The -1 option tells the kill command to attempt to end the process as if the user who started it has logged out. When you use this option, the kill command also attempts to go through and kill child processes left behind. This won’t always work, though—you may still need to go through and kill child processes manually first, before killing the parent process. To kill more than one process at a time, simply separate the PIDs with spaces on the kill command line:

	# kill 24384 24383 24380

A second option is to send a TERM signal to the parent process in an attempt to kill it and its child processes. This can be done using the following command:

	# kill –TERM 23739

Alternatively, you can attempt to kill all the processes within the same process group using killall. The killall command enables you to specify the names of the processes you want to terminate, rather than their PIDs, which can save you a lot of ps commands and eyestrain:

	# killall httpd

Stopping and Restarting a Process

At some point, you might find yourself wanting to simply stop and restart a process. Instead of issuing the sequence of commands to manually kill and then restart your process, try using the following command:

	# kill –HUP 23739

This will have Linux perform the process shutdown gently, and then restart it immediately. This is especially handy when you’re working on configuring an application that needs its process restarted after changes to its configuration files.

The Last Resort

If the regular kill or kill –1 commands don’t work, you can always bring out the all-powerful kill –9 command:

	# kill –9 23739

This extremely powerful and dangerous command forces a process to stop in its tracks, without allowing it to clean up after itself. This can lead to unutilized system resources and is generally not recommended unless all other options have failed.

After using the kill –9 (or the synonymous kill –s SIGKILL) command, be sure to use ps –ef again to make sure you don’t have any zombie processes left. You can only eliminate a zombie process by terminating its parent process, which is fine if the parent process can safely be terminated or restarted but problematic if the zombie process has ended up being owned by the init process (PID 1). You do not want to kill the init process unless you know its implications and really mean to do that, because killing init will shut down your system. If you have zombie processes whose parent is init, and they are consuming significant amounts of system resources, you will need to reboot the machine at some point in order to clean up the process table.

See Also

  • man kill

  • man ps

Brian Warshawsky

Use a Serial Console for Centralized Access to Your Systems

Keep a secret backdoor handy for midnight emergencies.

Imagine the following scenario. It’s 3 A.M., and you’re the administrator on call. All of a sudden, you’re jolted awake by the pager rattling itself off the side of your nightstand. A critical server isn’t responding to network polls, and you’re unable to SSH into it to determine what the problem is. You are now faced with a tough decision—no one wants to get dressed and head into the office at 3 A.M., but this server is essential to your company’s online presence. What do you do? The good news is that with proper fore-sight and planning, you can avoid this kind of decision altogether with a console server.

A console server is a device to which you can connect the consoles of multiple systems.
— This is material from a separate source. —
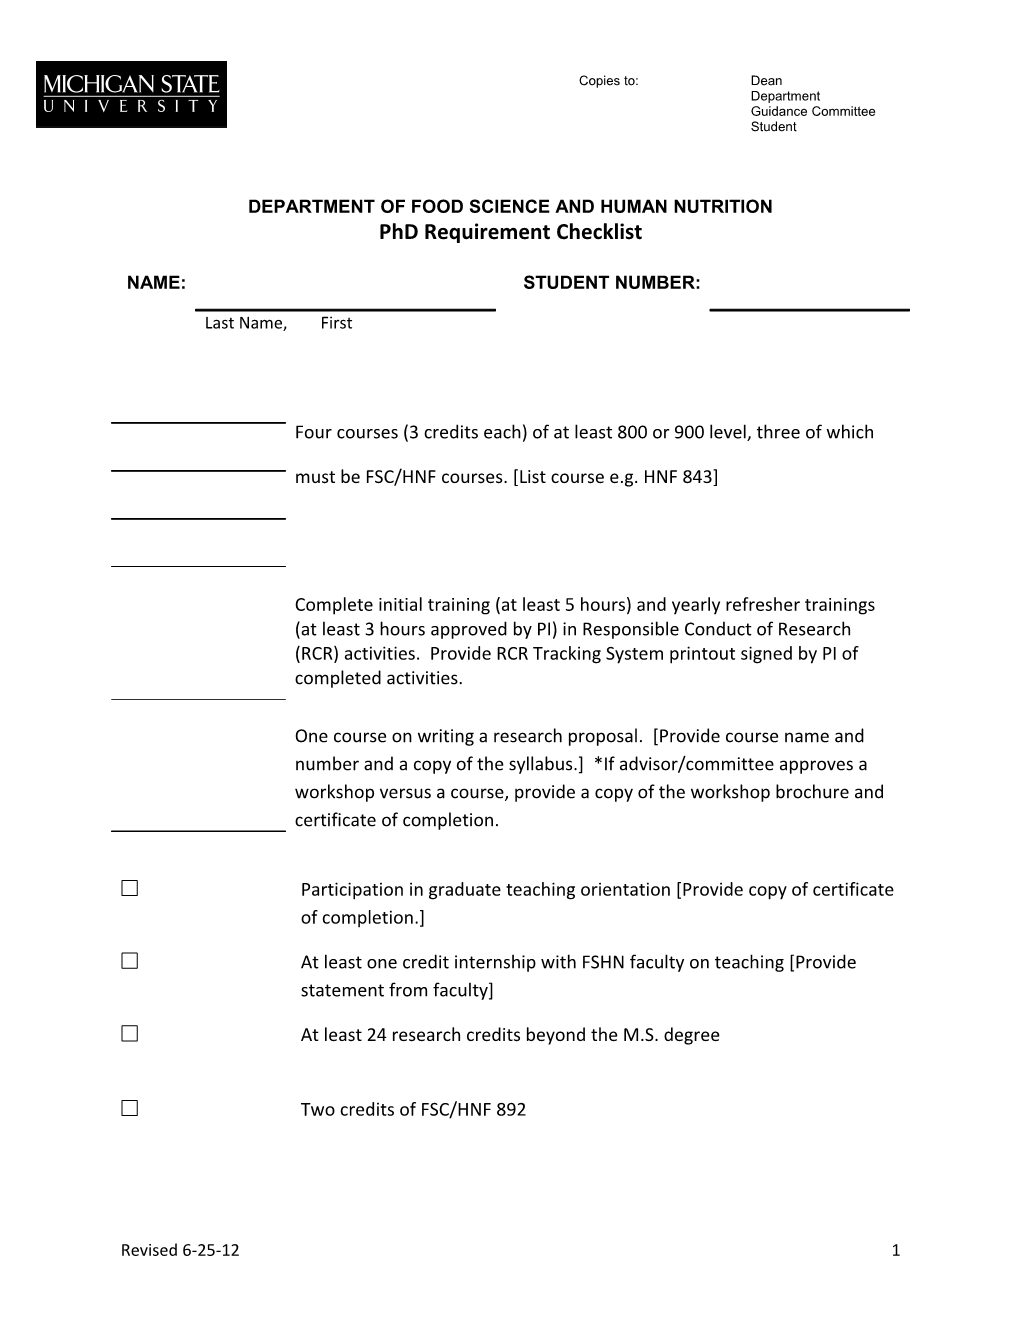 FSHN Phd Requirement Checklist

You can then connect to the console server to get easy access to any of those systems. Devices that enable you to connect multiple serial ports and quickly switch between them are readily available from many different vendors. A quick Google search for “serial console server” will list more potential vendors than you probably want to know about.

This hack explains how to configure your Linux systems so that they can use serial ports for console output rather than the traditional graphical displays that we’re used to on Linux systems. Not only are serial consoles inexpensive compared to multiple graphical displays, but they are easy to access remotely and fast because there is no graphical overhead.

The Options

Before you rush off to implement a console server, you need to consider several options. Various commercial options are available that provide many different flavors of console server. However, the method we’re going to discuss here is a bit more do-it-yourself, and can ultimately be much cheaper to implement than a commercial option.

Another option to explore is whether or not your hardware already supports serial port console access via the BIOS. If it does, this might all be a moot point for you. However, this kind of hardware support is fairly rare, so odds are you’re going to have to decide between an expensive proprietary method, or an easy-to-implement open source method.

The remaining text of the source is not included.